Неудивительно поэтому, что все ушли куда-то, а я так там и осталась. Там, где Элеонора еще не покрасилась в баклажан и не подтянула веки, став похожей на удивленную сову, а на стенке у меня еще не висела картина с лошадью на крыше повозки и растерянной женщиной, не понимающей, куда же она едет. И как согнать лошадь со своей повозки… И где Комаров, бесконечно любимый и единственный на свете, посмеивался:
- Хорошо, что я не ревнивый… И как ты только учеников находишь, что все они в тебя влюбляются?
- Ой, да ладно - все!.. Через одного! Они меня сами находят… Да и толку-то? Я же тебя люблю! - тоже смеялась я.

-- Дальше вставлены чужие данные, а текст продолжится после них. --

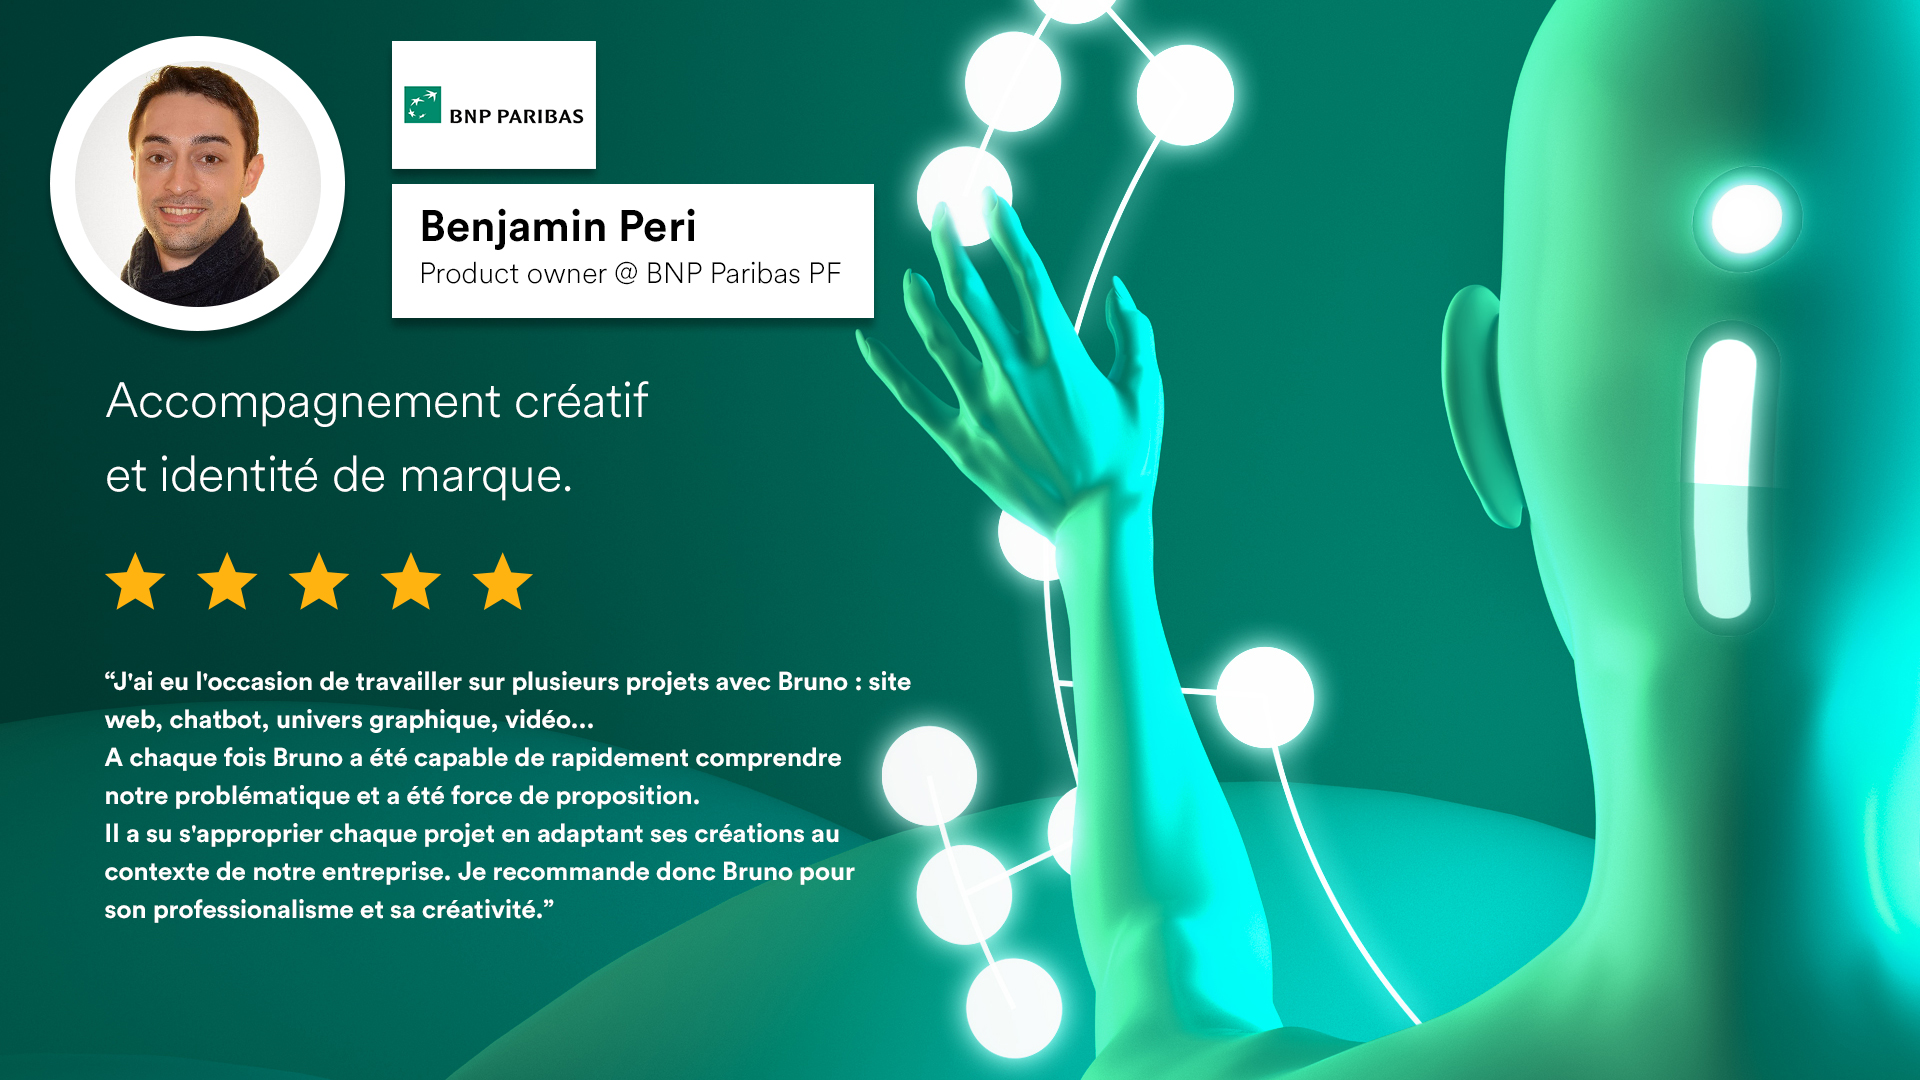 Benjamin-Peri-BNP-Paribas-PF
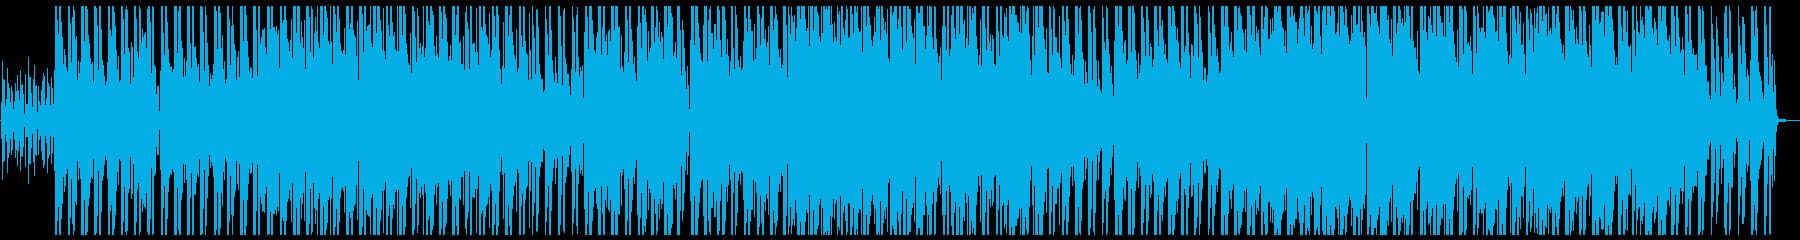 壮大 ジャズ & クラシックの再生済みの波形

И ничего еще о жизни не знала.
Руны Желтого Кота
Я оглянулась и увидела, как он на бегу украдкой стирает мою помаду со щеки около рта…
Но ведь сегодня не было никакой помады! Я только слегка провела по губам бледным коричневым блеском, пока он мылся-брился, а мне велел собирать диван и гладить ему брюки с рубашкой.
- За это! Можешь ты побыть хозяйкой - хотя бы на время…
Я не стала возражать. Я бы могла и не на время… Но он и так злился на себя - за то, что опаздывал, за то, что, пропыхтев и просопев минут десять в погоне за приятным финалом, радости никакой не получил, а только рассердился. Утро темное, я мешаю, вставать рано, на Волгоградке - пробки…
- Почему такой диван называется "французской раскладушкой", не знаешь? - попыталась отвлечь я его от мрачных мыслей, ход которых явственно и последовательно прослеживался в его нервных движениях - порезал ухо, пока брился, оторвал верхнюю пуговицу у рубашки, окунул галстук в кофе…
Я понимаю, если бы это спросила моя соседка-девятиклассница. И то… А уж ты-то! Скоро преподавать сможешь этот предмет. Откроешь мастер-класс. Если совсем работать надоест…
- Думаю, это тяжелая работа, Комаров, - вздохнула я, подавая ему еще теплые брюки. - И опасная…
- Не опаснее, чем у меня! - Он на ходу влил в себя чашку кофе и поморщился. - Какая же дрянь, а? Керосином, что ли, воняет…
- А когда меня нет, то не воняет? - не удержалась я.
- О-ох… - Он посмотрел на меня. - Ладно. Не обижайся.
Вот как раз в этот момент я посмотрела в маленькое зеркало под светильником на кухне и подумала, что на утреннем бледном лице ни коричневая, ни розовая помада ничего хорошего не добавляют. И промокнула ее салфеткой.
И когда, попрощавшись до следующего раза, оглянулась - посмотреть, не оглянулся ли он мне вслед - то увидела, как он стирает следы моей скромной и тайной близости. Наверняка по привычке. А не оглянулась бы, так и не узнала бы. Ушла бы почти счастливая домой. Он почувствовал мой взгляд и резко повернулся.
- Что?
- Я доеду с тобой до центра, хорошо?
Он кивнул.
В машине, помолчав, я издалека начала разговор:
- Я сделала руны… Знаешь, что такое скандинавские руны?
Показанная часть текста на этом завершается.